Monday, February 19, 2007

Rotation problems not yet solved

We're a couple of days into spring training and the question still remains as to who will be in the rotation and who will not. Tony La Russa and Dave Duncan are already offering differing viewpoints regarding the situation.
Manager Tony La Russa and pitching coach Dave Duncan can typically finish each other's sentences. But La Russa took minor exception Sunday to Duncan's recent characterization of five defined front-runners for the starting rotation with free-agent import Ryan Franklin as an extra.

Duncan cited ace Chris Carpenter, Kip Wells, Adam Wainwright, Anthony Reyes and Braden Looper as the "five guys that will get the priority."

La Russa said Sunday at Roger Dean Stadium, "Had I been asked that question before Dave, I would have said we have Carp and we have six or seven guys for four spots."

La Russa is typically reluctant to handicap competition this early in camp and is sensitive to the rotation since Wainwright and Looper have yet to make a major league start.

"He wanted to say it, and if you stop and think about the sense in that ... I think it's sending the right message to Anthony Reyes, to Braden Looper, to Adam Wainwright," La Russa said. "I think what he's saying is, 'You guys have the best shot to be in the five.'"
Narveson, Thompson, and Franklin are all considered as sleeper picks for the rotation.

Troy Cate's story is very unique and for those reasons, it's a must read.

Mark Mulder believes that all his problems can be traced to the 2004 season with the Oakland Athletics.
"I guess I could look back at the end of '04 as when things started to change," recalled Mulder, who cost the Cardinals three players — starting pitcher Dan Haren, reliever Kiko Calero and prized catching prospect Daric Barton.

"I can look at that June as when things started to change. I didn't think anything was wrong at the time. I thought things were different."

A stress fracture near his right hip abbreviated Mulder's 2003 season. He won 17 games in 2004 but endured a difficult second half, leading to rumors that he was pitching hurt. Mulder, however, says that he felt "completely normal" in 2004 and that any connection now is mere "second-guessing."

Mulder, 29, began a series of alterations to his delivery that prevented him from achieving consistency. By the time he landed on the disabled list for the first time last May, Mulder described himself as "slinging" the ball with an abbreviated arm action completely different from his form at the beginning of his final season in Oakland.

"I wasn't throwing correctly, but I never would have imagined needing surgery," said Mulder, who avoided surgery for his first seven professional seasons. "My entire career has been about 'whatever I'm feeling, I'll get over it.' But when a couple surgeons tell you that you need surgery, it's a weird feeling. You don't know what to expect."

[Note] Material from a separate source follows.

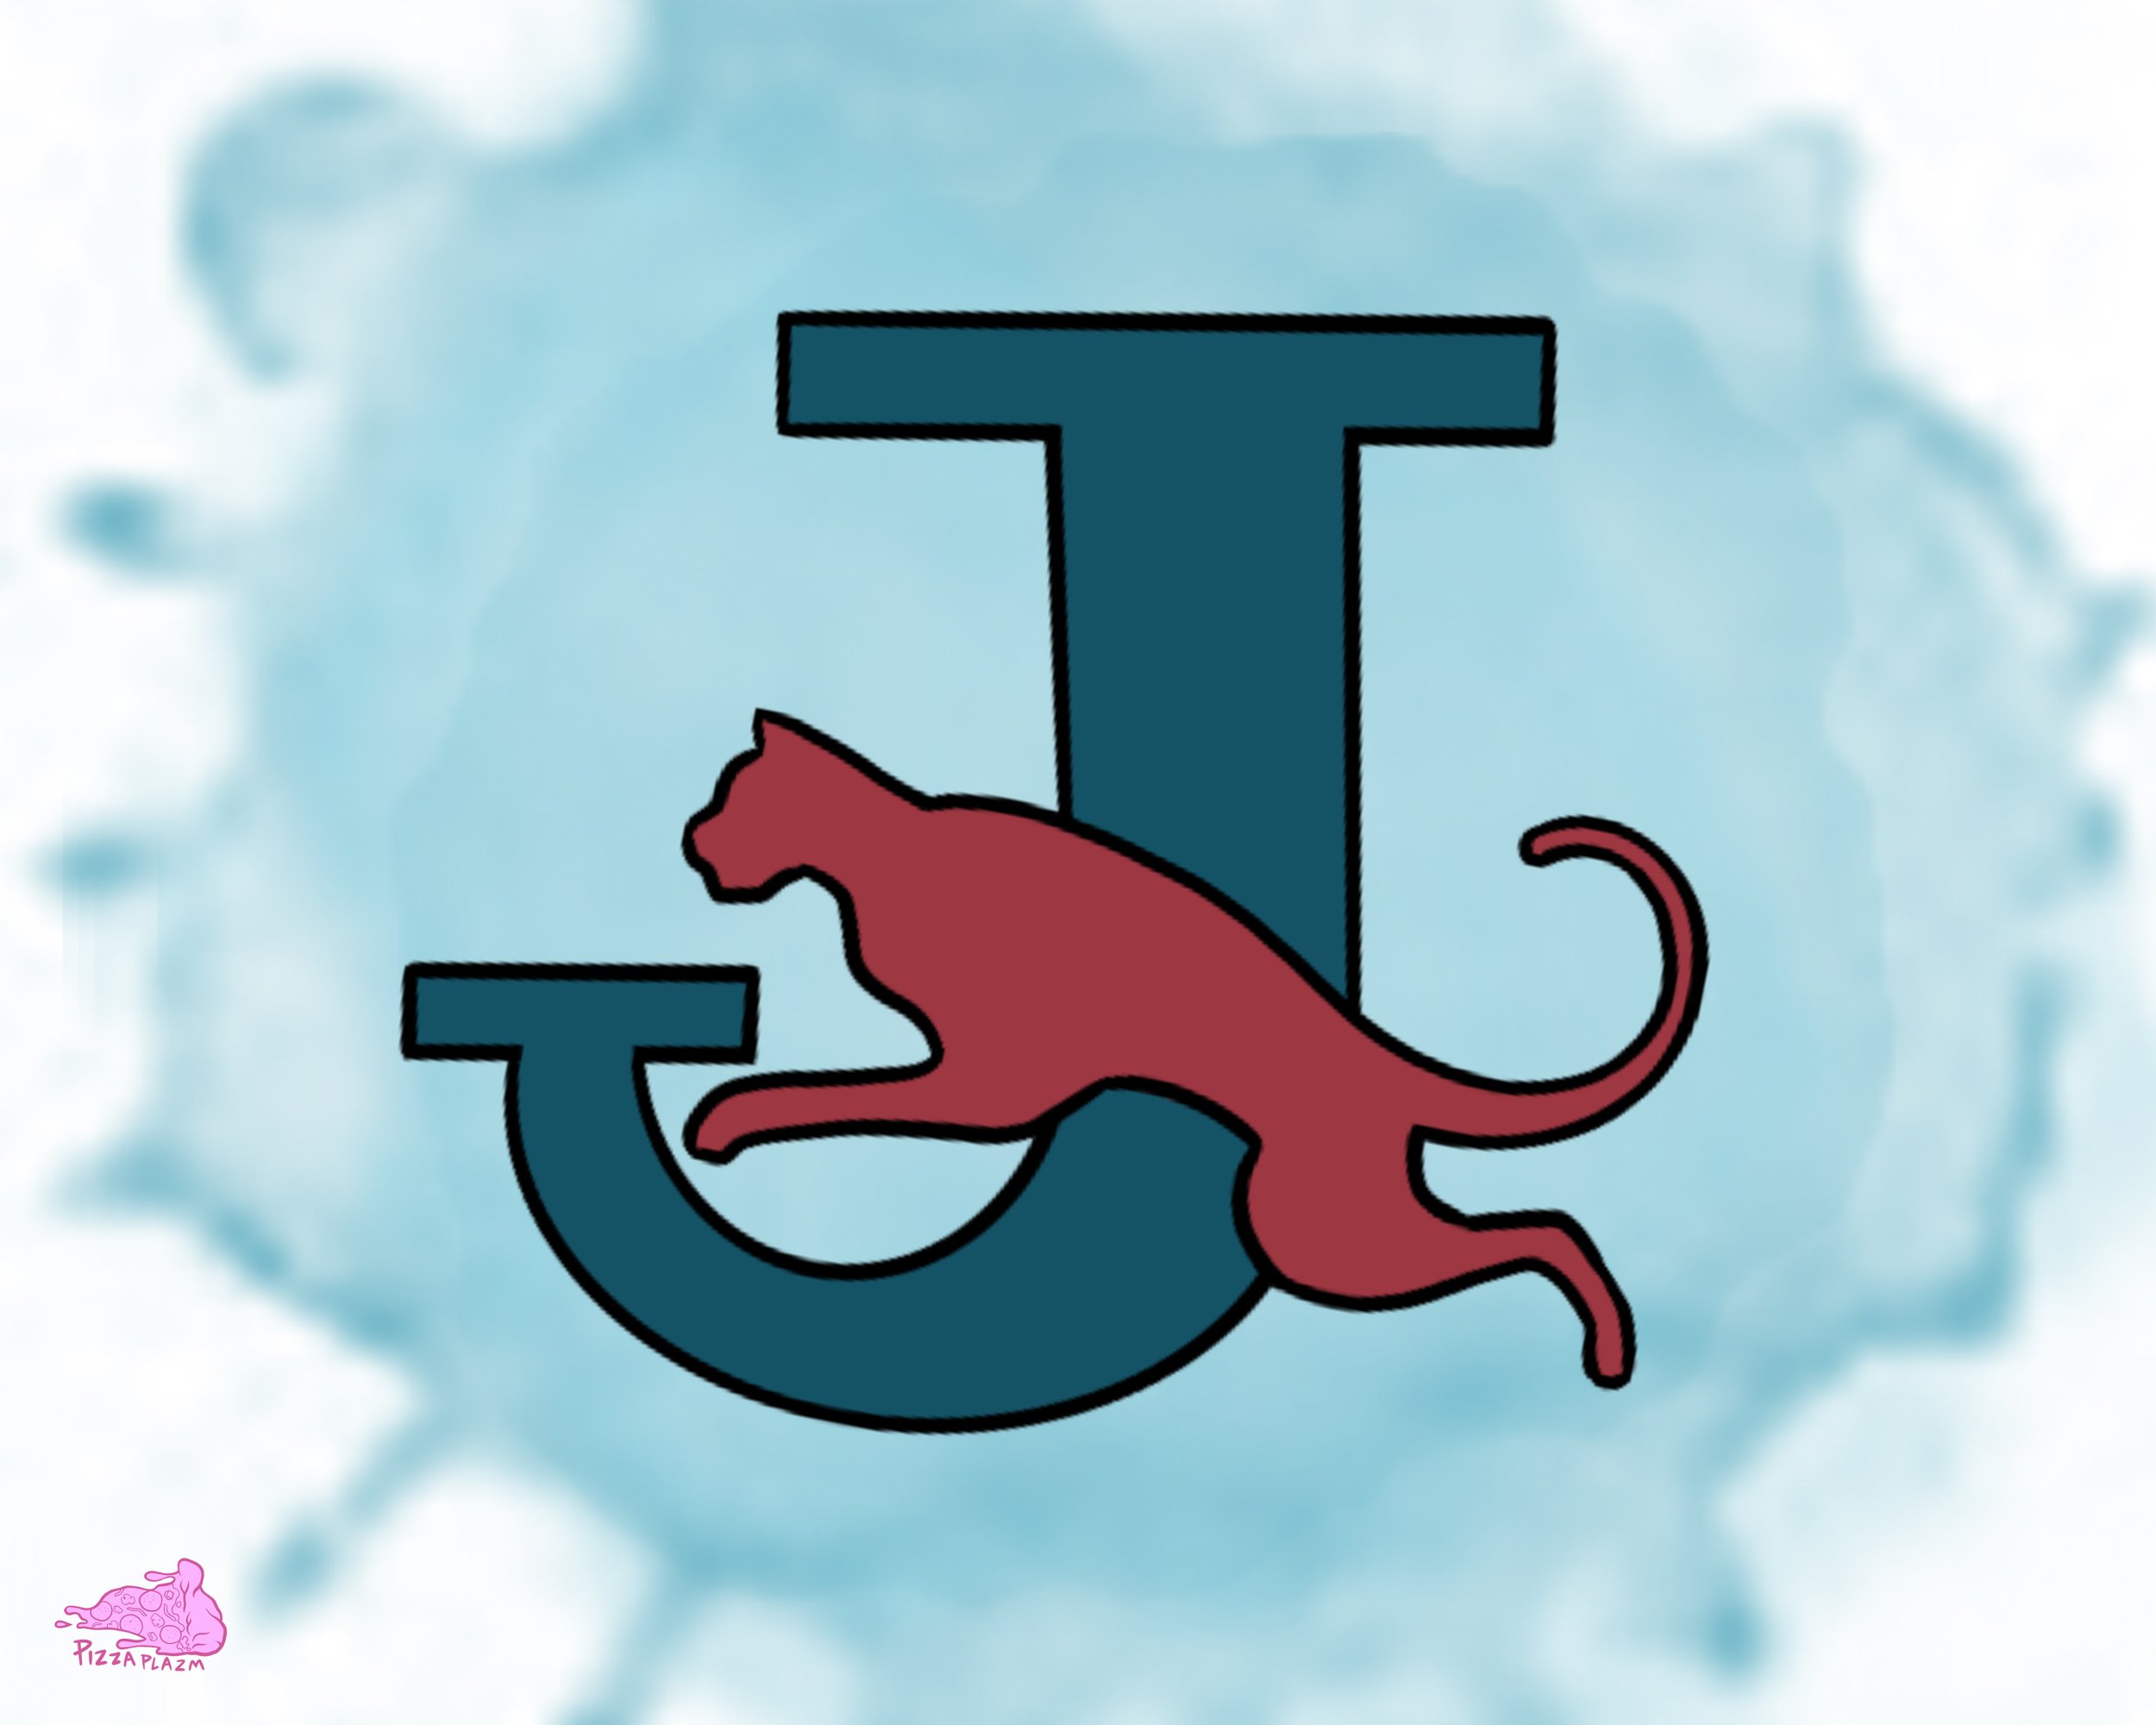 NY JAGUARS logo

Mulder improvised to a 16-8 record and 3.64 ERA in 2005 as rival scouts increasingly speculated he was pitching hurt. Mulder denied those suggestions and won five of his first six decisions last season before a jagged start against the San Diego Padres in late May began an irreversible spiral.

"It didn't necessarily hurt to pitch. It felt weak," Mulder said.

Disabled from June 22 to Aug. 22, Mulder returned from a three-game rehab to make two abortive starts in which he allowed 14 earned runs in 4 2/3 total innings. He allowed the New York Mets nine earned runs in three innings in his first start.
Mulder should be able to recover fully and become the Hall of Famer that I believe he should be.